The quoted problem size is small enough that any external call such as BLAS would be expected to reduce performance. If you used the external-blas option in gfortran, you would still be under the size threshold for that choice to be taken at run time, and gfortran would use its own matmul library function, possibly not as fast as inline code.

bubin · ‎04-28-2009

tim18,

First of all, I would not call gfortran an unsatisfactory compiler. It is an excellent product (if one disregards numerous bugs in the very first versions of it, like 4.0-4.1). And it simply cannot be called obselete because not that much time has passed since it was first included in gnu compiler collection. As far as me is concerned, I am using a relatively recent version of it (4.3.2). In fact, gfortran has some nice features that ifort, unfortunately, does not offer. I have seen many cases when it even generates faster code. Although, in general, I would give ifort an edge here. Anyway, I also assumed this thread was about ifort.

I was not lazy to actually do some rough tests on my desktop computer (for some reason it became interesting for me). It is no way a scientific testing, so I am not claiming it is extremely accurate. After all, hardware differences will probably cause some variations of the results. So I did five diffeent ways of multiplications. lorbit was declared as a parameter, i_max was 70000, all arays were static. I tested the case lorbit=9, lorbit=12, and lorbit=17. Timings are given below. I run every case for four times and took the best time. I only tried -O2 and -O3 flags (did not want to spend an entire day playing with it). The BLAS DGEMM was taken from Intel MKL library. It is obviously optimized for x86, but certainly not finetuned for my particular machine (Core 2 Dou 6700 2.66Mhz). The three numbers correspond to the best timings for lorbit=9,12, and 17 respectively.

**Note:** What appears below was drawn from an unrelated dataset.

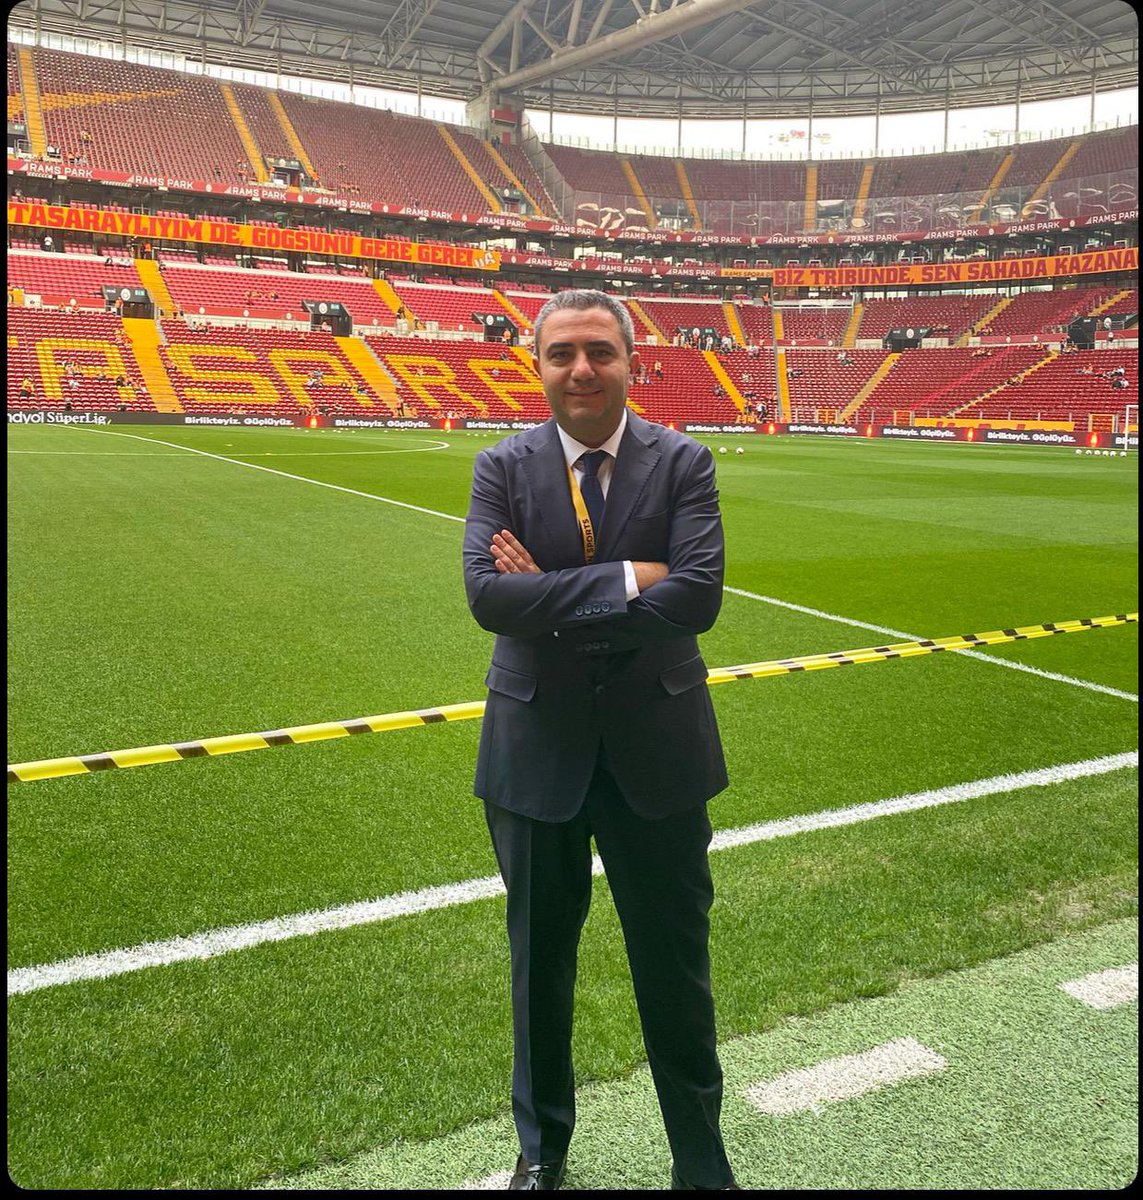 Süper Lige dönüyoruz! Galatasaray-Hatayspor ⏰ 20:30 @beINSPORTS_TR 🎙️ beklerim 👋🏻

I used ifort 11.0 and gfortran 4.3.2 for making binaries.

original code
ifort -O2 4.01 11.00 40.35
ifort -O3 4.01 11.02 36.79
gfortran -O2 8.13 18.46 48.13
gfortran -O3 3.54 9.10 28.58

original code + precopying t=srl(:,:,i)
ifort -O2 3.97 10.47 33.85
ifort -O3 3.98 10.46 33.84
gfortran -O2 11.84 17.13 49.96
gfortran -O3 3.63 9.12 28.74

dot_product code
ifort -O2 4.08 10.73 32.83
ifort -O3 4.08 10.74 33.29
gfortran -O2 8.32 19.34 50.90
gfortran -O3 4.84 10.77 35.01

matmul code
ifort -O2 5.50 8.42 29.87
ifort -O3 5.68 7.42 30.64
gfortran -O2 8.57 ??.? 42.72
gfortran -O3 9.34 ??.? 49.76

BLAS DGEMM code + precopying t=srl(:,:,i)
ifort -O2 8.32 8.48 25.86
ifort -O3 8.44 8.52 26.98

??.? - there was some glitch -- I am not sure what's going on there

Looking at this data one can conclude that it does make sense to use BLAS for lorbit=17 as it may provide up to 20-30% performance improvement. For smallest lorbit value the fastest way is to use the original code with an additional copying t=srl(:,:,i) which I mentioned in a post above. Even tough you claim that dot_product is inlined when compiled with ifort -O3, it is still not the fastest way to do the multiplication. It should also be mentioned that the differences between many of the timings are actually marginal and sometimes even smaller than the statistical error.

Sergiy

P.S. The "obsolete" gfortran is actually overperforming ifort a little when the original code (do loops) are used.

TimP · ‎04-28-2009

Thanks for showing the results.
I mentioned gfortran on account of its built-in feature for choosing between its own matmul and BLAS with a compile option to set the size for switching over. You verified the expectation that BLAS would not be efficient for the smallest cases, but it looks like gfortran's own library function doesn't improve on it. If I recall correctly, there is only one case vectorized in gfortran matmul.
If dot_product weren't inlined, it would have taken much longer than the other versions you tested. You could easily check for in-lining, for example by looking at the symbol table of your object file. It looks to me that it didn't perform much different from your original code, which is the expectation I intended to convey.
It may not be surprising if the ifort matmul is favoring multiples of 4; that would be moderately good news, as ifort vectorization often favors only multiples of 8 with aligned data.